There are three compression passes. slimpdf tries them least-destructive first
and keeps the gentlest one that gets you under the target:

1. **Structural** — recompress streams, pack objects, drop junk metadata. Fully
   lossless; sometimes enough on its own for a bloated-but-not-scanned PDF.
2. **Image rewrite** — the main worker. Downsamples and re-encodes the oversized
   embedded images, binary-searching JPEG quality and DPI until it hits the
   target. Text, forms and vector graphics are left intact.
3. **Raster fallback** — off unless you pass `--allow-rasterize`. Flattens each
   page to an image and rebuilds the PDF. It'll hit almost any size, but you lose
   selectable text, form fields and signatures, so it's a last resort.

## Demo

The animation at the top (`docs/demo.gif`) is generated from a real slimpdf run
on a synthetic file — regenerate it any time with:

```bash
uv run python docs/make_demo.py     # writes docs/demo.gif
```

(A [VHS](https://github.com/charmbracelet/vhs) tape, `docs/demo.tape`, is also
included if you prefer recording a live terminal.)

## Notes

**It really is offline.** slimpdf makes no network calls and writes nothing
outside the paths you give it. Safe to run on documents you wouldn't upload.
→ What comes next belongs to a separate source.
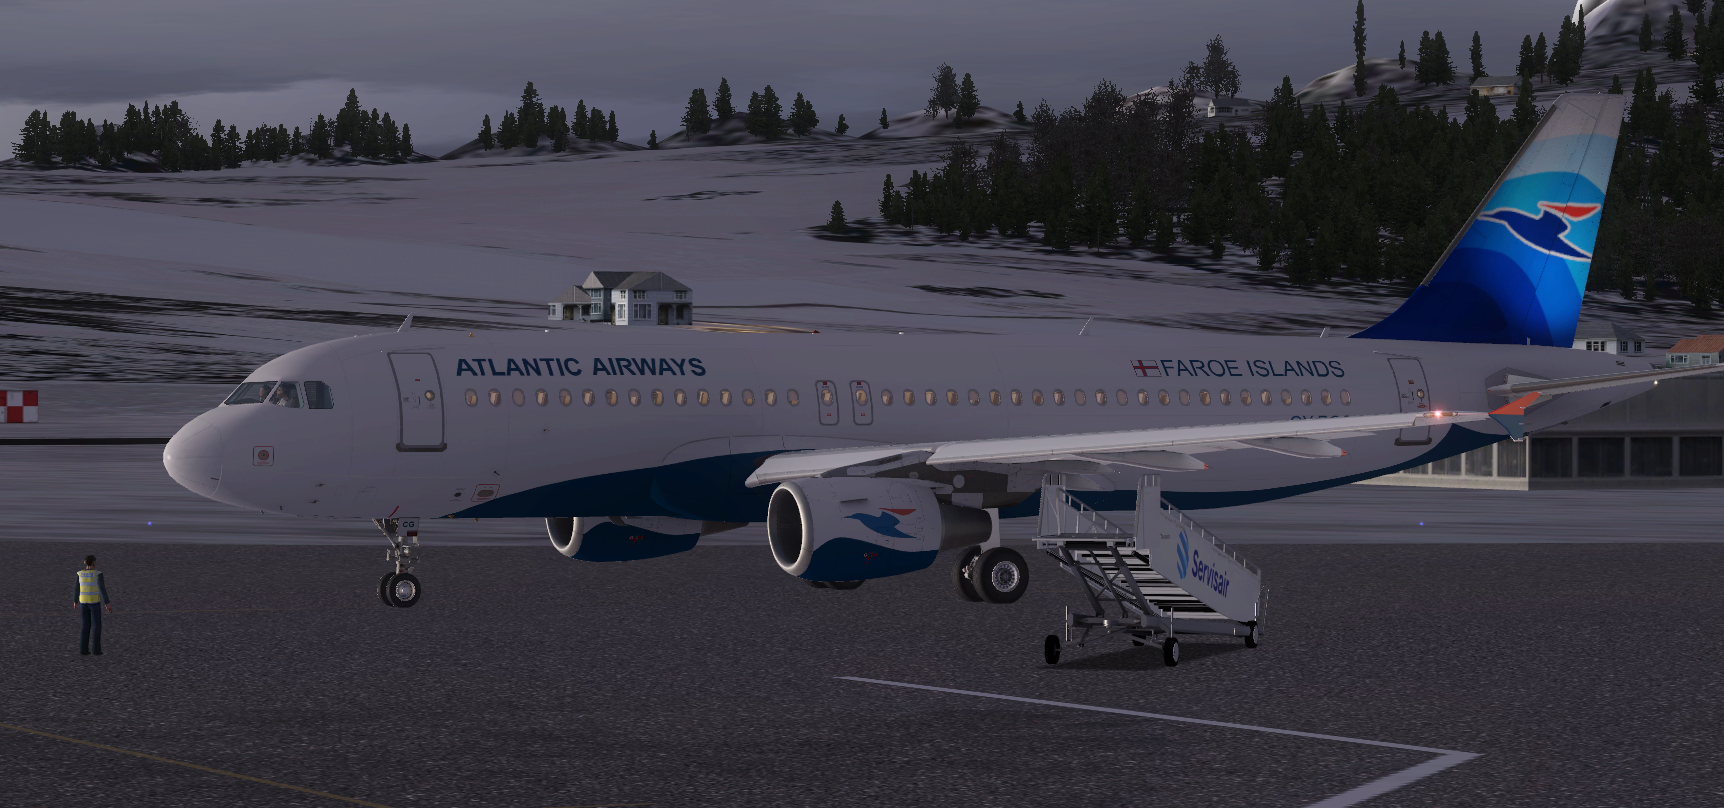 More information about "Airbus A320 CFM Atlantic Airways OY-RCG"

**What if it can't hit the target?** It returns the smallest valid result it
found and reports `target_achieved: false` (CLI exit code `2`). It never ships a
file larger than the input unless you pass `--force-output`.

**Scanned PDFs with no text layer** compress on image content alone; there's
nothing to preserve text-wise, so they tend to shrink the most.

## Licensing

slimpdf is **MIT**. All runtime dependencies are permissive (no copyleft):

| dependency  | license       | role                        |
|-------------|---------------|-----------------------------|
| `pikepdf`   | MPL-2.0       | parsing + structural rewrite (bundles qpdf, Apache-2.0) |
| `pypdfium2` | BSD-3/Apache  | page rendering (bundles PDFium, BSD-3) |
| `Pillow`    | MIT-CMU (HPND)| image encode/decode         |

So you can use it inside a proprietary product without copyleft obligations.
PyMuPDF and Ghostscript would both have been easier in places, but they're AGPL,
which is the whole reason they're not here.

## Status

Alpha — works well on the documents I've thrown at it, but it hasn't seen the
long tail yet. Two things to know: any rewrite invalidates a PDF's digital
signature (that's unavoidable when you change the bytes), and a few unusual image
filters/colorspaces are skipped with a warning rather than risk producing a
broken file. Bug reports with a sample PDF are very welcome.